14 mai 2008

A Dieu vat, joli jardin !

Nous avons un tout petit appartement, mais je crois pouvoir m'enorgueillir de parvenir, sur une terrasse de 12 m², à entretenir un petit jardin de ville florissant. On y trouve du chèvrefeuille, du jasmin palissé, un pied de vigne produisant un excellent raisin muscat, un citronnier bien fructifère, un petit combava, des bougainvillées chatoyantes, un vieux yucca récupéré qui coule une paisible retraite, un érable du japon et des heuchères poussant en son pied, ainsi que tout un ensemble de plantes méditerranéennes que j'ai mis un point d'honneur à sélectionner pour leurs qualités éco-citoyennes de faibles consommatrices d'eau : graminées, laurier rose, ciste, buddléia, lavande naine, bilbergia aux hampes roses de fleurs retombantes, et autres hélicryse, romarin, crassula...
"Qui plante un jardin, plante le bonheur" est un dicton qui me plaît bien, car le jardinage a pour moi des vertus antistress imbattables, et il n'est pas rare de me voir, après une journée de boulot où tout n'est pas allé comme sur des roulettes, travailler les mains dans la terre jusqu'au lever de lune.
Honte à moi qui ai fait l'éloge du lâcher-prise, car si le matériel ne risque pas de me manquer, en bateau, je crains que ce ne soit pas le cas de mon petit jardin.

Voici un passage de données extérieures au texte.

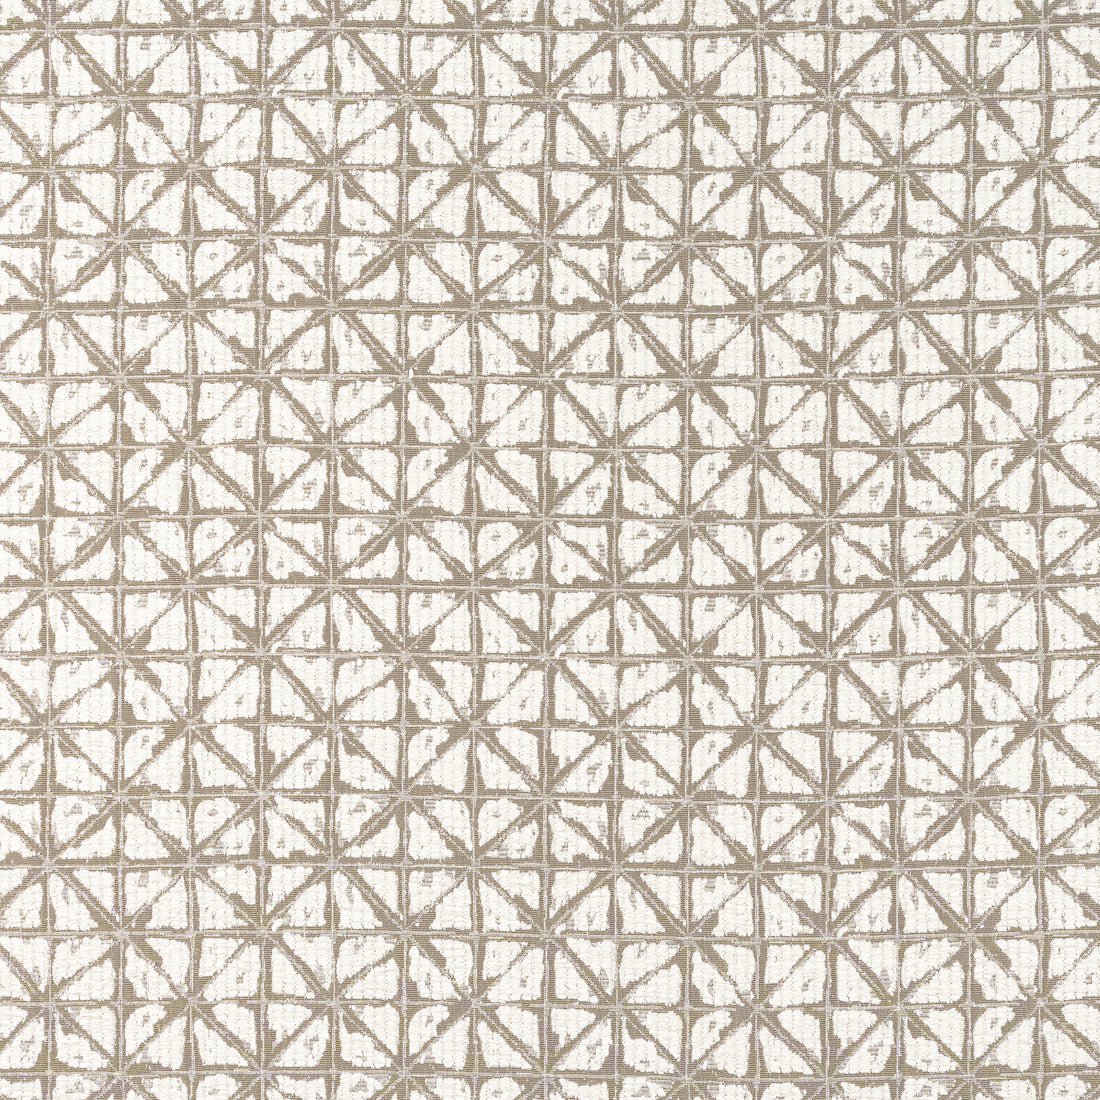 Soren fabric in mocha color - pattern number W8740 - by Thibaut in the Haven collection

Pire encore, en jardinière indigne, après tant de soins apportés, tant de pucerons pulvérisés, tant d'araignées rouges enrayées, tant de minutieuses tailles pratiquées, tant d'observations quotidiennes à l'affût des bourgeons, je me trouve-là dans l'obligation de laisser ce petit microcosme au bon vouloir du locataire qui viendra habiter notre appartement pour l'année.

Dans ma dernière conversation avec l'agent immobilier qui sera chargé de la gestion locative de l'appartement, je n'ai pas omis de faire part de mes inquiétudes à mon interlocuteur qui n'avait là strictement aucune solution à m'apporter. "Oui, certains propriétaires laissent leurs plantes en partant, c'est agréable pour les locataires... Sauf que la plupart du temps ils reviennent et une plante sur deux a rendu l'âme." J'ai souvent fait des rêves atroces de terrasse en friche nous accueillant à notre retour, et je dois, à chaque arrosage, me demander si les locataires occupants me feront la grâce de bien vouloir garder en vie tout ce petit monde. Comme il nous est impossible de stocker quelque part ce morceau de nature planté dans une profusion de pots, nous allons tous laisser. Et là, tel le marin quittant le port* sur son navire alors que de gros cumulonimbus noirs s'agglutinent à l'horizon, je ne pourrai que soupirer : "A Dieu vat !"

*Vous remarquerez à juste titre que tout bon marin qui se respecte ne quitterait pas le port dans de si pessimistes conditions météorologiques. Il est bien entendu que cette métaphore, tout à fait fataliste, est destinée à renforcer le côté dramatique de l'évènement.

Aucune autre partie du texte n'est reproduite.